Yes! I've been there... not long after I meet MM... he told me his wife was 6 weeks pregnant and he wasn't sure that he wanted the baby.

Sweet
Co-Community Leader My

iVillage Member
Registered: 01-28-2004
Wed, 01-28-2004 - 5:13am
Hi, I'm new to this posting thing but have been reading the posts for quite a while. My first A with a MM (I have only had 2 A's but no good excuse) was a just for sex thing that lasted for 2yrs & 3mnths. During that time, his W became pregnant with TWINS!! It was difficult for me at first because it threw me for a loop. He and I had been involved for about 6 mnths when this surprise came up. It was difficult working through the pregnancy with him because after about 4-5 mnths his W was bed bound at home on rest to protect the pregnancy. The only advice I have for you is "Good luck". It's difficult being in an A to begin with but to have the added stress of pregnancy doesn't help. If you have feelings for him, this will not be an easy time although afterwards might get a bit better. I wish you luck!
iVillage Member
Registered: 03-26-2003
Wed, 01-28-2004 - 12:46pm
I have a question, if I may.

I lurk here and am curious in understanding these EMAs.

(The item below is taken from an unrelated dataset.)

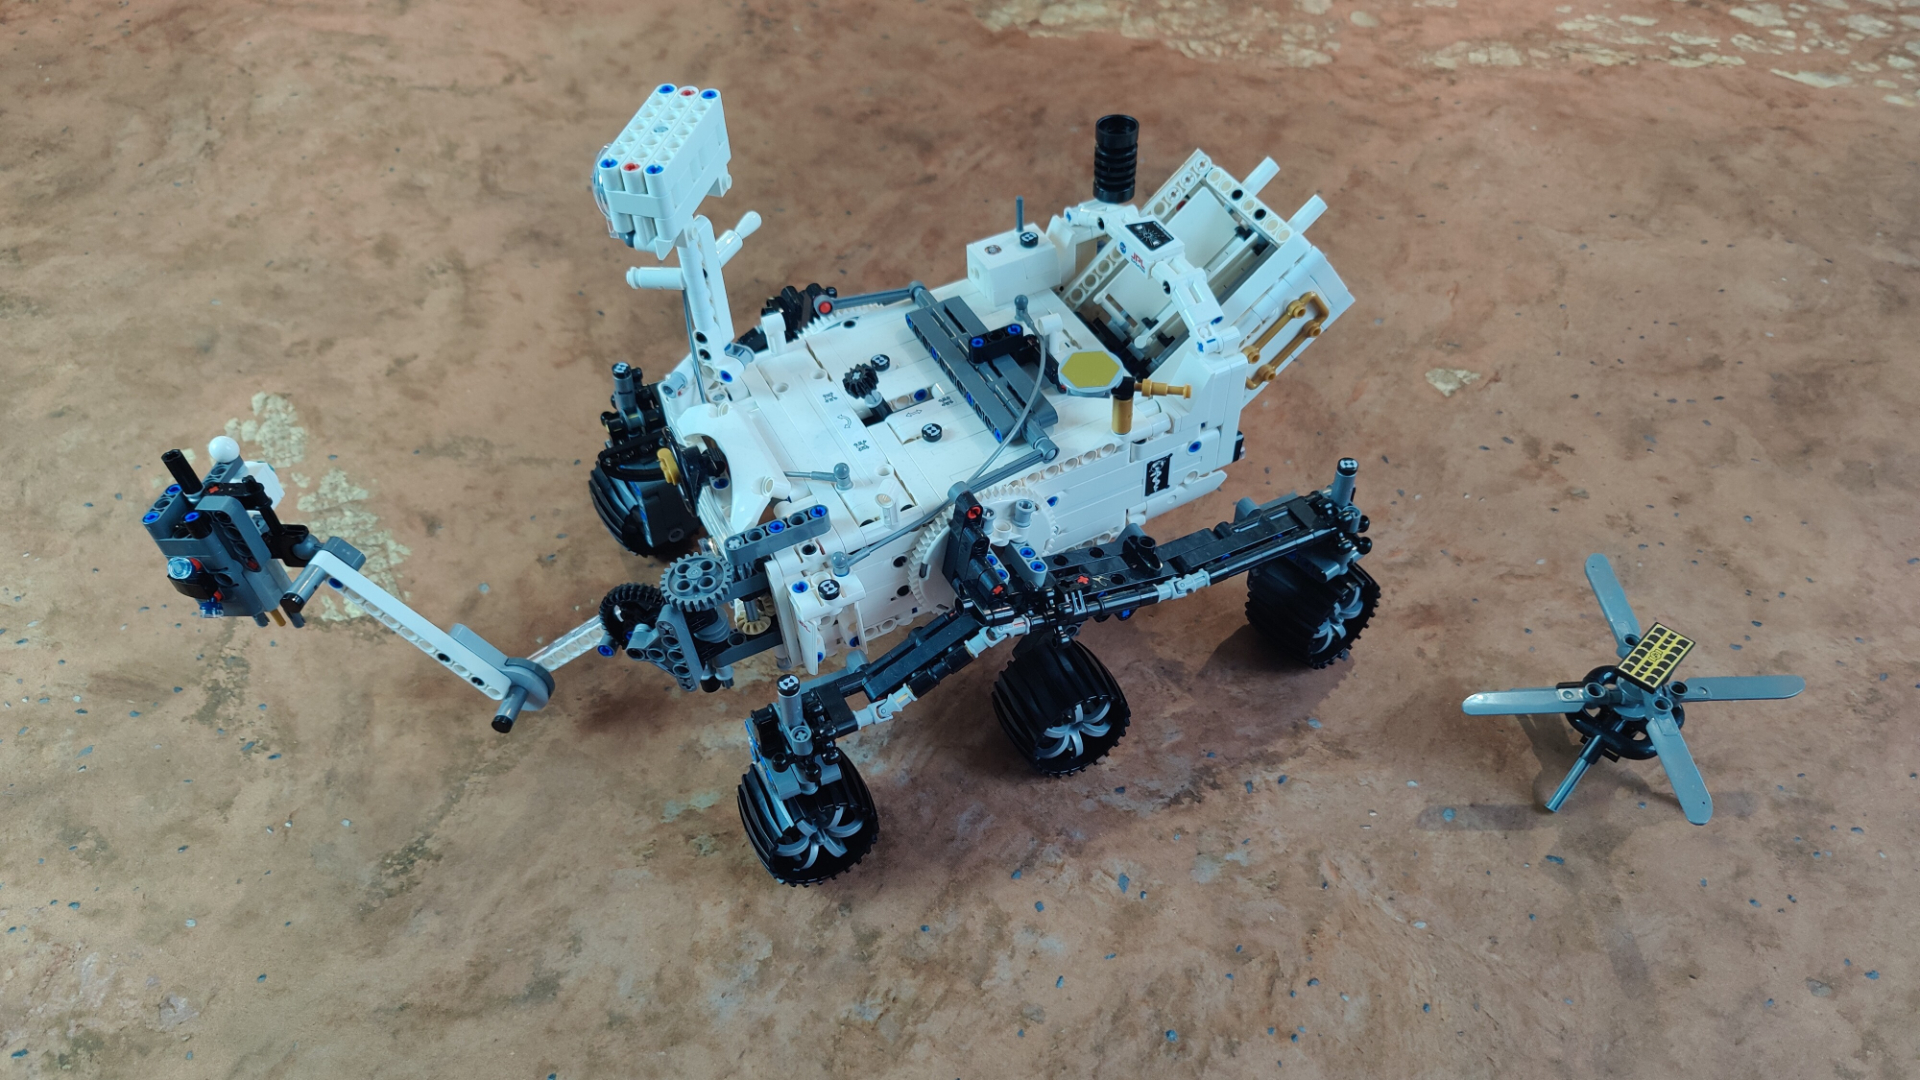 Lego NASA Mars Rover Perseverance review

How can people write that their marriages are "going strong" yet they are having affairs? I have always been curious about these types of statements. One would think that a weak marriage would provoke an affair, right? I mean, marriage vows say "forsaking all others" yet, you are not doing that.

Secondly, when I read that the "wife got pregnant" as if she did it by herself. Every man who has sex with a woman knows there is a possibility of pregnancy. So, to have someone absolve himself of the responsibility is a joke.

Honestly, I don't mean any offense here, I am curious if people in EMAs realize their biased opinions, and sometimes may not be truthful to even themselves. Could this be possible. If I were soliciting advice, I would want honest answers if asking honest questions. Sometimes on a support board, you are not always getting that. You are pretty much hearing what you want to hear. Just my observation.

I am not in an affair now but understand them all too well and definitely see things a lot clearer from the outside. Hind-sight is 20/20. It is one of the truest statements ever written.

I did not mean to insult, I am just a very curious thinker and like to show the other side of the coin.



iVillage Member
Registered: 01-21-2004
Wed, 01-28-2004 - 1:25pm

hi rose and no offense taken!

CL-Gurlfriend50

Co-CL of My Affair Support Board

iVillage Member
Registered: 01-05-2004
Wed, 01-28-2004 - 1:49pm
I believe my A started b/c of a pregnancy.

MM was not getting any sex at home....

None thru entire pregnancy....

I guess the attraction between us was too much ..

He was ready to pop ! ...and so was I !!

Now, w/ baby born,

MM has no time!

Now im stuck w/ waiting.

and boy does that hurt!!

Esp. since I got too emotionally involved!

TOW

iVillage Member
Registered: 06-24-2003
Wed, 01-28-2004 - 4:54pm

Hi rose,


You're more than welcome to be curious.


I'm not sure about buttercup... but I know myself... I said MM told me his wife was pregnant... not that she got pregnant.